=== Task input ===
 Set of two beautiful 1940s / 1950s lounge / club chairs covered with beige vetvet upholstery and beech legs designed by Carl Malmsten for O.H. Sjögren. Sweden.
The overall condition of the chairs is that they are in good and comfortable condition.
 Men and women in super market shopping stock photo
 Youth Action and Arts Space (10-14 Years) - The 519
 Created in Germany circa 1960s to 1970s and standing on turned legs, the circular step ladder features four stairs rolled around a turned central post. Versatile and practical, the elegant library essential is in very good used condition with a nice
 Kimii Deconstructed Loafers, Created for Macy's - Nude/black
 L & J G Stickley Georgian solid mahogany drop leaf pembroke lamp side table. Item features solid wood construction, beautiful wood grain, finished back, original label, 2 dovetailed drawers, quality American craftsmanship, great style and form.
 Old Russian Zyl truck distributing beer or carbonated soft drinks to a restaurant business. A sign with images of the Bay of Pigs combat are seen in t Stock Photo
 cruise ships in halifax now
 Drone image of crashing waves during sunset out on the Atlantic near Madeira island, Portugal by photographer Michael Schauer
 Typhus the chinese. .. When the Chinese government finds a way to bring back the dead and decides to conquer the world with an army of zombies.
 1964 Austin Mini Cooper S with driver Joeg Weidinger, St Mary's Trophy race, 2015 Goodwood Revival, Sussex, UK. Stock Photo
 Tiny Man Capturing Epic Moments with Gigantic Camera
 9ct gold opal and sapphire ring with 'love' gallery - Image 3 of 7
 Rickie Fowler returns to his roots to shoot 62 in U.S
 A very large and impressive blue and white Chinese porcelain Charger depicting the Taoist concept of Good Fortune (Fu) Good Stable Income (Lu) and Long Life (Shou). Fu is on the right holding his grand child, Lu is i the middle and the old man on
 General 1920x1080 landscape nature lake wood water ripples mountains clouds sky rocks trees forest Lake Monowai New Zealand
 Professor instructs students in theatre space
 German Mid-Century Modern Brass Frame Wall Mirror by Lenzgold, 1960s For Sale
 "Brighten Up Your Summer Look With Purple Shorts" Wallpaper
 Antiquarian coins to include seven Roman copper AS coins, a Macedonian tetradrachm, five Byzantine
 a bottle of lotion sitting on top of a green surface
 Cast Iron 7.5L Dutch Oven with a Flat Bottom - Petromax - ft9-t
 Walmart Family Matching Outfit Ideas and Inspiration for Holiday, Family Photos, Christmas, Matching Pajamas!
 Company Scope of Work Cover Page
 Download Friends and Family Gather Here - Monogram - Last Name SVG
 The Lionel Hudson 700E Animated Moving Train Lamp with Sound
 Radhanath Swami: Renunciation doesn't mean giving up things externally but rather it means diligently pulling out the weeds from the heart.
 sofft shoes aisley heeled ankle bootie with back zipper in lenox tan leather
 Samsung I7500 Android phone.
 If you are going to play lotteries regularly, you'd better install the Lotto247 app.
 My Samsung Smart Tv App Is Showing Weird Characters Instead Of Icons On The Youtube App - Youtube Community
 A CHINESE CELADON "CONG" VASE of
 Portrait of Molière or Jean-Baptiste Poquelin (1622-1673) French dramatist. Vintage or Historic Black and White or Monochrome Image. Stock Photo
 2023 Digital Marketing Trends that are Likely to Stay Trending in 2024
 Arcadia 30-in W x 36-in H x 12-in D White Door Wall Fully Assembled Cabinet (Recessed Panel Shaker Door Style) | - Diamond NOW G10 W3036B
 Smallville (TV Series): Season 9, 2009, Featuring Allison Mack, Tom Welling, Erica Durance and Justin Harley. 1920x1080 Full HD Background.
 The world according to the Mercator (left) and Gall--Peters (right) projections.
===
▶ _Exercise details_:
Could you reproduce exactly the lines of the entries above, from the one with "Walmart Family Matching" through the one with "Arcadia 30-in W", and nothing else?

▶ _Answer to this exercise_:
 Walmart Family Matching Outfit Ideas and Inspiration for Holiday, Family Photos, Christmas, Matching Pajamas!
 Company Scope of Work Cover Page
 Download Friends and Family Gather Here - Monogram - Last Name SVG
 The Lionel Hudson 700E Animated Moving Train Lamp with Sound
 Radhanath Swami: Renunciation doesn't mean giving up things externally but rather it means diligently pulling out the weeds from the heart.
 sofft shoes aisley heeled ankle bootie with back zipper in lenox tan leather
 Samsung I7500 Android phone.
 If you are going to play lotteries regularly, you'd better install the Lotto247 app.
 My Samsung Smart Tv App Is Showing Weird Characters Instead Of Icons On The Youtube App - Youtube Community
 A CHINESE CELADON "CONG" VASE of
 Portrait of Molière or Jean-Baptiste Poquelin (1622-1673) French dramatist. Vintage or Historic Black and White or Monochrome Image. Stock Photo
 2023 Digital Marketing Trends that are Likely to Stay Trending in 2024
 Arcadia 30-in W x 36-in H x 12-in D White Door Wall Fully Assembled Cabinet (Recessed Panel Shaker Door Style) | - Diamond NOW G10 W3036B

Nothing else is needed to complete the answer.